对于使用金属化合物的三维（3D）打印，已有许多研究。然而，使用金属化合物的3D打印的缺点在于，其增加了供应金属材料的成本。为了降低成本，已经提出了使用作为可回收材料的炉渣的方法。随着对使用副产品进行增材制造的需求不断增长，矿渣作为3D打印技术的多样化回收材料已受到关注。分析了一种新的制造方法，该方法通过增材制造来混合矿渣和增强金属，从而制造多孔体。然而，由于其由于低强度，低耐久性和结构缺陷而导致的低质量，产生的炉渣量高，并且其可用性仍然不确定。也，炉渣是一种极好的材料，具有生产具有高机械性能的结构的巨大潜力，由于烧结铁副产物的困难，在炉渣回收领域的研究有限。为了开发一种在3D打印粉末中利用炉渣的回收方法，描述了一项通过混合炉渣和陶瓷珠来提高工业实用性的研究。提出了一种方法来比较3D打印的炉渣零件的物理性能与通过混合铁渣，氧化铝和氧化锆产生的那些物理性能。

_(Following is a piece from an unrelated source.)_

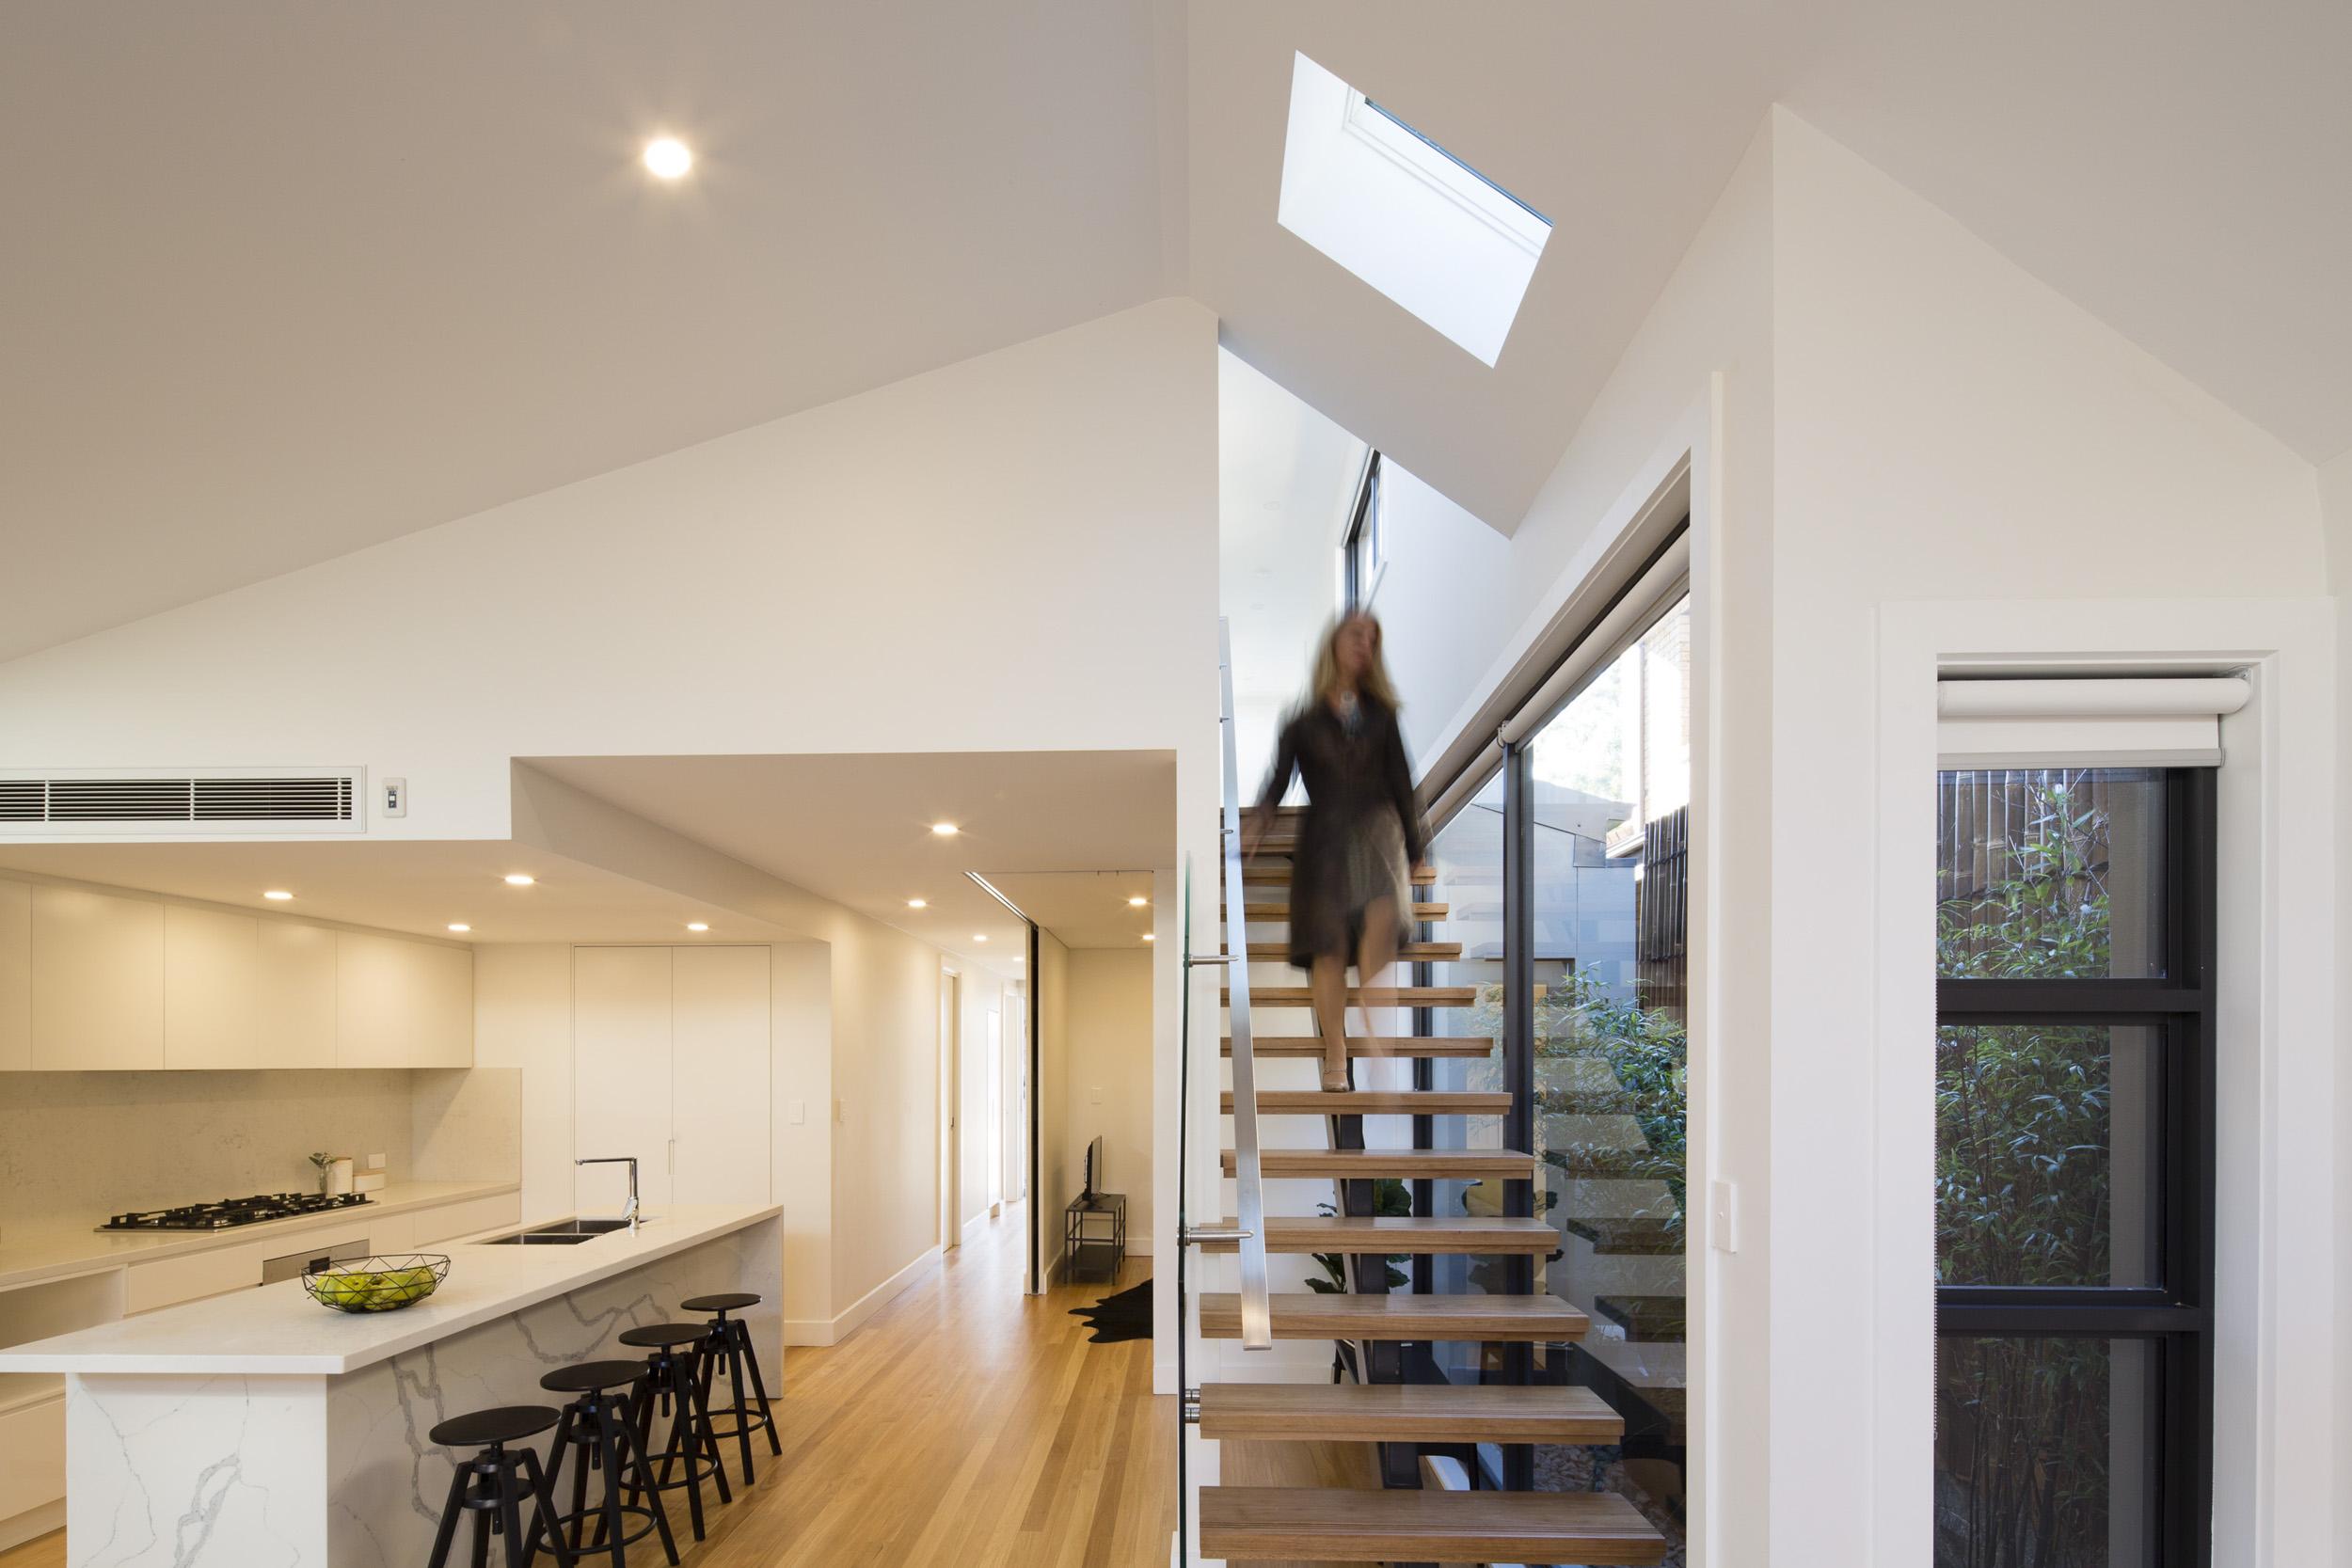 house_photographer_sydney_ns_studio_architects_08.jpg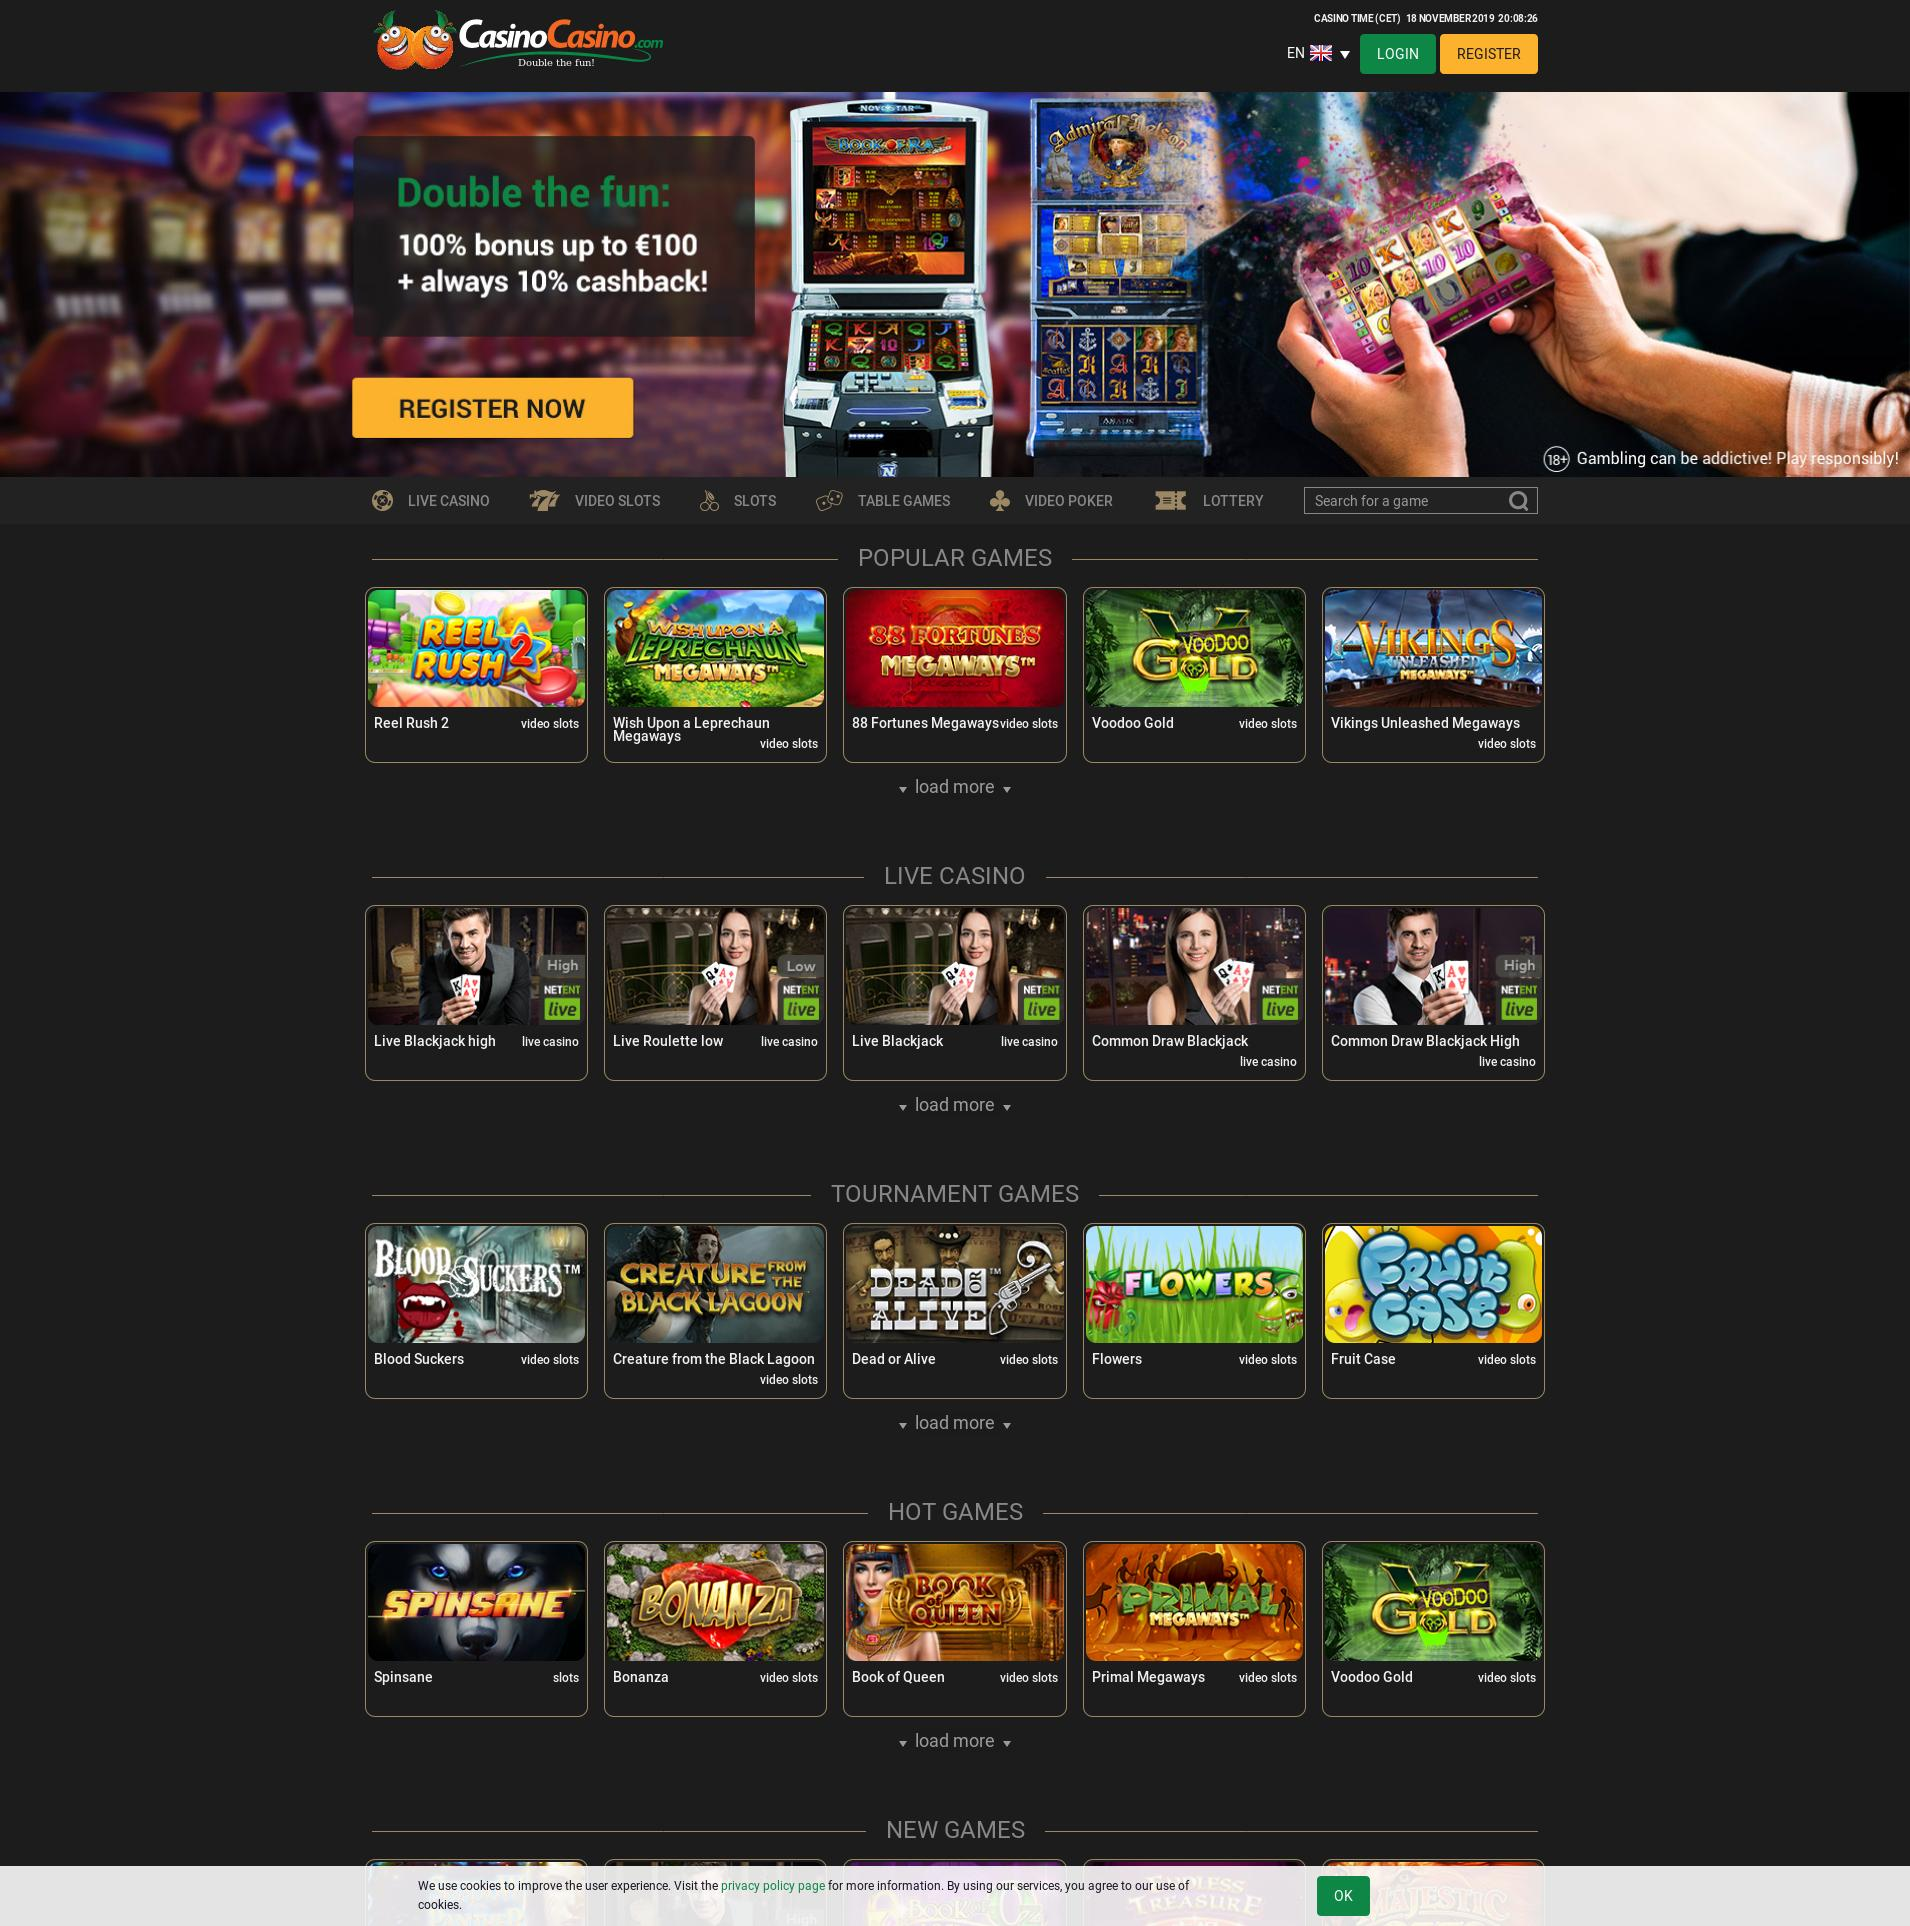 Casino skärm Lobby 2019-11-18 för Norge

为了找到具有最佳物理性能的混合比，测试了平均粒径，弯曲应力和最大压缩应力。获得最高强度的配合比是铁渣粉为40％，氧化铝为60％时。此外，切下施加应力测试的成分的标本，以在显微镜下分析组织。据认为，通过混合氧化铝和锆，烧结结构中的裂纹减少并且密度增加，从而有助于提高强度。当将由氧化铝和锆组成的陶瓷珠与矿渣混合以形成复合材料时，可以生产出具有可用作3D打印材料的物理性能水平的金属化合物。此外，提出了一种通过增材制造来生产轻质结构材料的新颖概念，该概念涉及一种制造工艺，其中将高强度金属堆叠在空心基础钢内部。据认为，通过混合氧化铝和锆，烧结结构中的裂纹减少并且密度增加，从而有助于提高强度。当将由氧化铝和锆组成的陶瓷珠与矿渣混合以形成复合材料时，可以生产出具有可用作3D打印材料的物理性能水平的金属化合物。此外，提出了一种通过增材制造来生产轻质结构材料的新颖概念，该概念涉及一种制造工艺，其中将高强度金属堆叠在空心基础钢内部。据认为，通过混合氧化铝和锆，烧结结构中的裂纹减少并且密度增加，从而有助于提高强度。当将由氧化铝和锆组成的陶瓷珠与矿渣混合以形成复合材料时，可以生产出具有可用作3D打印材料的物理性能水平的金属化合物。此外，提出了一种通过增材制造来生产轻质结构材料的新颖概念，该概念涉及一种制造工艺，其中将高强度金属堆叠在空心基础钢内部。可以生产具有可用作3D打印材料的物理性能水平的金属化合物。此外，提出了一种通过增材制造来生产轻质结构材料的新颖概念，该概念涉及一种制造工艺，其中将高强度金属堆叠在空心基础钢内部。可以生产具有可用作3D打印材料的物理性能水平的金属化合物。此外，提出了一种通过增材制造来生产轻质结构材料的新颖概念，该概念涉及一种制造工艺，其中将高强度金属堆叠在空心基础钢内部。